The Federal Reserve Bank of New York’s general economic index rose to 11.9 from a revised 9.9 in December. Economists projected an increase to 12.5, based on the median forecast in a Bloomberg News survey. Readings greater than zero signal expansion in the so-called Empire State Index, which covers New York, northern New Jersey, and southern Connecticut.
Symantec Corp. gained 4 percent to $18.22. The world’s largest maker of computer security software was raised to “buy” from “hold” at Deutsche Bank AG.
Citigroup slumped 6.4 percent to $4.80. The third-largest U.S. bank posted $1.1 billion in charges related to tightening of the bank’s credit spreads. The company earned 4 cents a share, excluding certain items, missing the average analyst estimate by 48 percent.
International Business Machines Corp. and Apple were among other companies reporting results today.
After the close of regular trading, IBM reported fourth-quarter profit of $4.18 a share. The average estimate of analysts surveyed by Bloomberg was for earnings of $4.08 a share. The shares, which gained 0.4 percent to $150.65, rose 2.2 percent to $154.02 in after-hours trading.
Apple declined 2.3 percent to $340.65. Jobs took leave as his health deteriorates from battling a rare form of cancer and the liver transplant he had almost two years ago, according to a person with knowledge of the situation.
“It’s a corporate setback and a negative for the stock,” said Michael Yoshikami, who owns the stock and oversees $1 billion at YCMNet Advisors in Walnut Creek, California. “Investors may be less negative this time because we’ve been down the road before, and Apple probably has its product replacement cycle set for the next two years.”
After the close, Apple reported first-quarter earnings of $6.43 a share.
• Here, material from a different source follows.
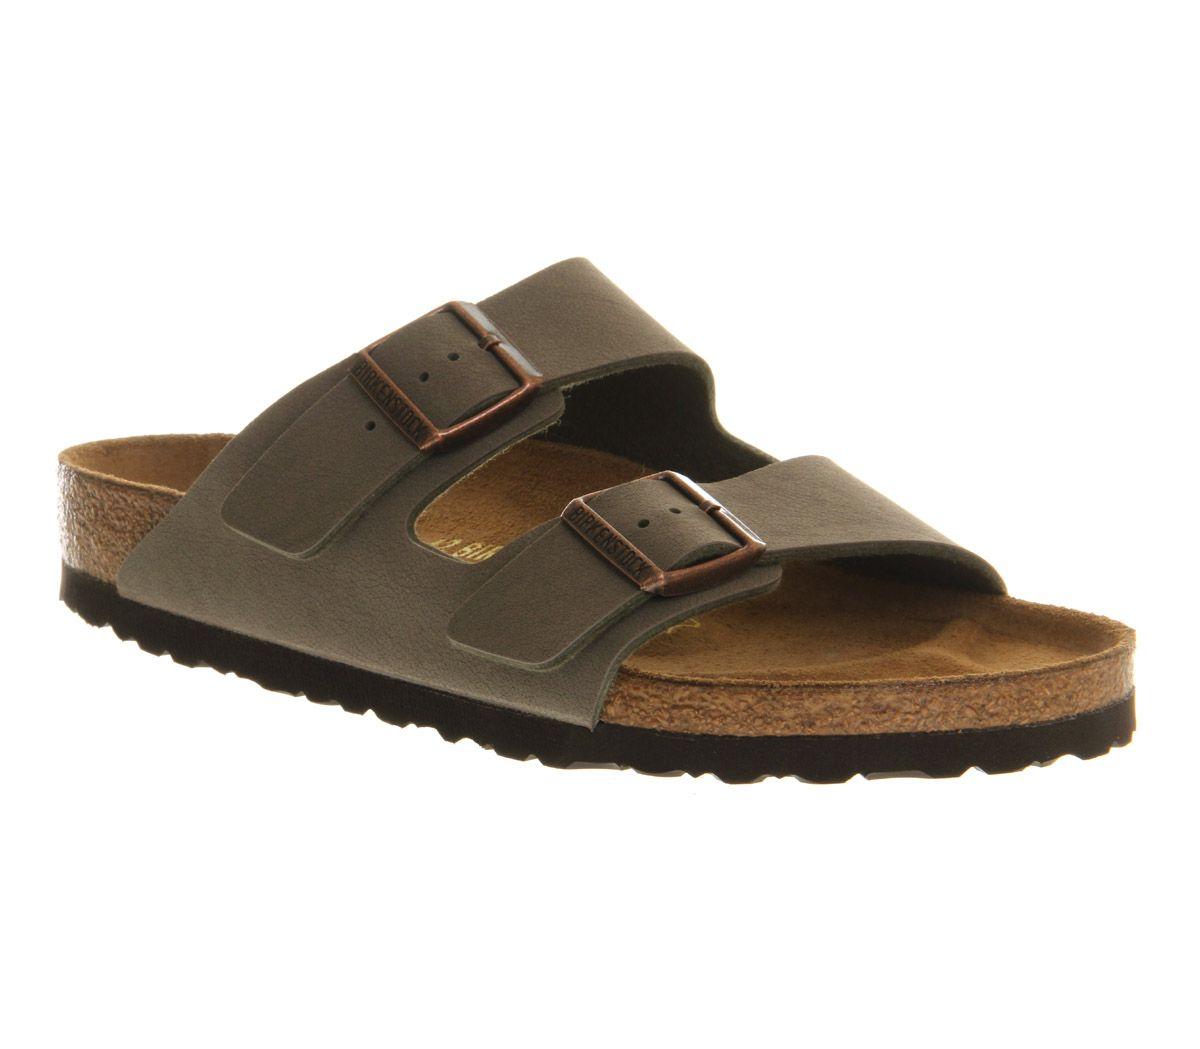 66d2cb175 Birkenstock Arizona Two Strap Sandals Stone - Sandals

The average analyst estimate in a Bloomberg survey was $5.41. The shares rose 1.4 percent to $345.30 at 6 p.m. in after-hours trading.
Comerica Inc. declined 8.3 percent to $38.74. The Dallas-based bank that posted annual profits throughout the financial crisis agreed to buy Houston-based lender Sterling Bancshares Inc. for about $1.03 billion in stock. Sterling investors will receive 0.2365 Comerica shares for each share they own. Sterling Bancshares rallied 16 percent to $8.93.
U.S. stocks are within a week of “a significant market top” that is likely to precede a drop of at least 11 percent in the S&P 500, said Tom DeMark, creator of a set of market-timing indicators. DeMark’s Sequential and Combo indicators, designed to identify market tops and bottoms, are giving a sell signal on the main U.S. stock benchmark for the first time since mid-2007, he said in a telephone interview.
“I’m pretty confident that in one to two weeks, the market will be in a descent,” said DeMark, founder and chief executive officer of Market Studies LLC. “It could be pretty sharp.”